This month Reading Acts celebrated its fifth anniversary. When I started, I was averaging about 4 hits a day for the first few months. This blog now gets about 500 hits a day and it is fast approaching 500,000 hits since 2008. On September 1, 2008 Reading Acts published its first post, “Why Acts?” I originally set up this blog as a supplement to my preaching through the Book of Acts at Rush Creek Bible Church. My plan was to offer a few thoughts before and after I preached on a particular text in Acts. After the series concluded, I kept the blog going, expanding to Pauline Theology and other New Testament topics.
Book reviews have become a major part of the life of Reading Acts. I enjoy reading and need to stay current in the literature of Biblical studies, so I relish the opportunity to review books regularly for the blog. I have also started posted some of my book reviews to Academia.edu.
But this post represents another milestone as well – this is post #1000. For some bloggers, a thousand posts is a couple of months of work, but for me, this is a big deal. Bloggers seem to use 1000 posts as an indication of some level of success. After a thousand posts, most of which are substantial attempts at writing on the New Testament, I think that I can call Reading Acts a “success.” Well, it survived into a fifth year, and that alone is special in the blogging world.
I want to use post #1000 to comment on blogging in general, and more specifically Biblio-blogging. I agree with Michael Hyatt’s observation that blogging helps clarify one’s thinking.
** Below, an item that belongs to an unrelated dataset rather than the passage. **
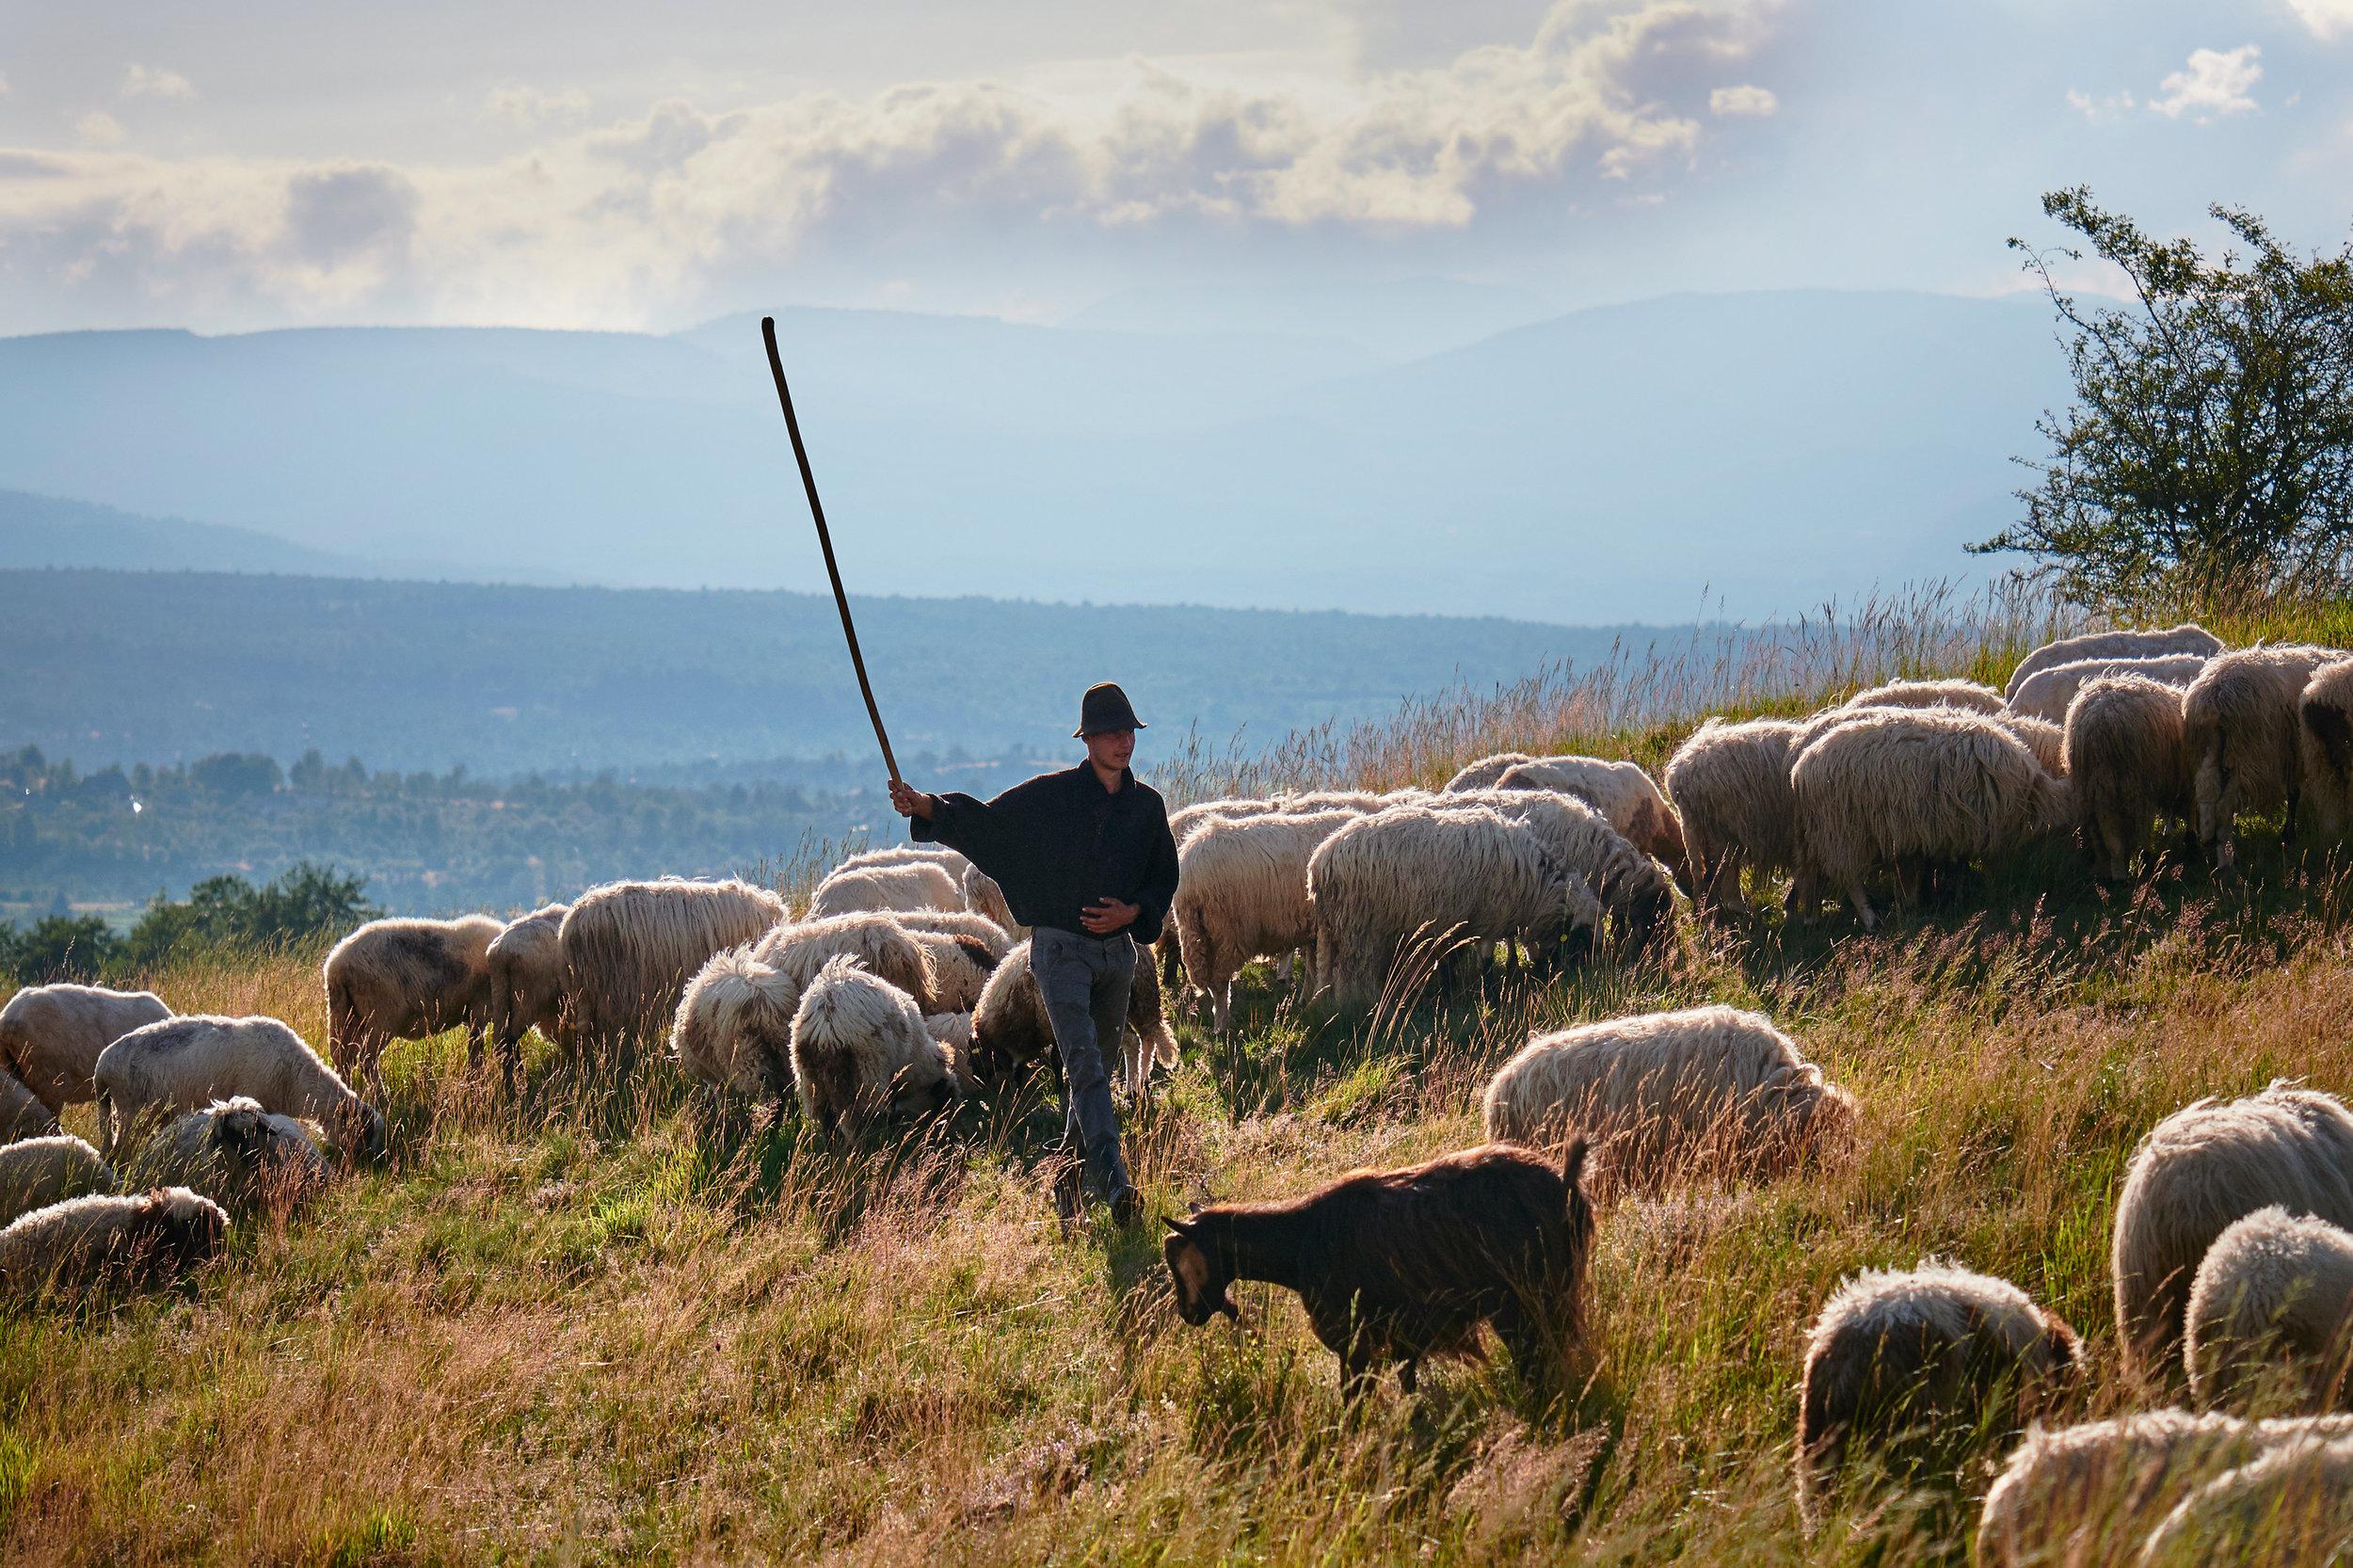 Shepherd-herding-sheep-and-goats-Maramures-Romania

It is harder to writer 500 words on a topic that 5000. Most of my posts are 500 to 750 words, so that represents quite a bit of work (even though I have re-posted a few times!) But most of what I have done on this blog has helped me to express a thought or idea better in a lecture for class or in a Bible study or sermon at my church. Some bloggers write therapeutically, but I can’t do that.
For me, this blog is something of a scratch pad for ideas that might develop into a longer article or book at some point in the future. While I understand a blog as “published,” it is still (in my mind) less substantial than a book. IO have had students ask me how to cite my blog in their paper. That is a bit intimidating since I am not sure I want to stand behind my research on a blog post the same as I might a full length book. And I am fully aware of the many students use this site for their homework since I see Google searches that are obviously cut and pasted from assignments! I hope that what is offered here is a first step in research and encourages readers to dig a little deeper (and I do not mean wikipedia!)
I am looking forward to another great year on Reading Acts, thanks to everyone who regularly reads the blog. I do appreciate your interest and comments. And now for the next 1000 posts…
I enjoy Reading Acts–save many of them
I’m am avid blog follower (I follow about 50 blogs) and yours is my favorite. Keep up the good work.
Thanks, I appreciate that! Glad you are reading and (maybe) learning
Congratulations on the 1000th blog post! You are doing a great job by giving us ( your students and other readers) great stuff to read and reflect on. I can see these blogs being a great source for other projects and knowledge for the future. Keep it up. You are doing a great job.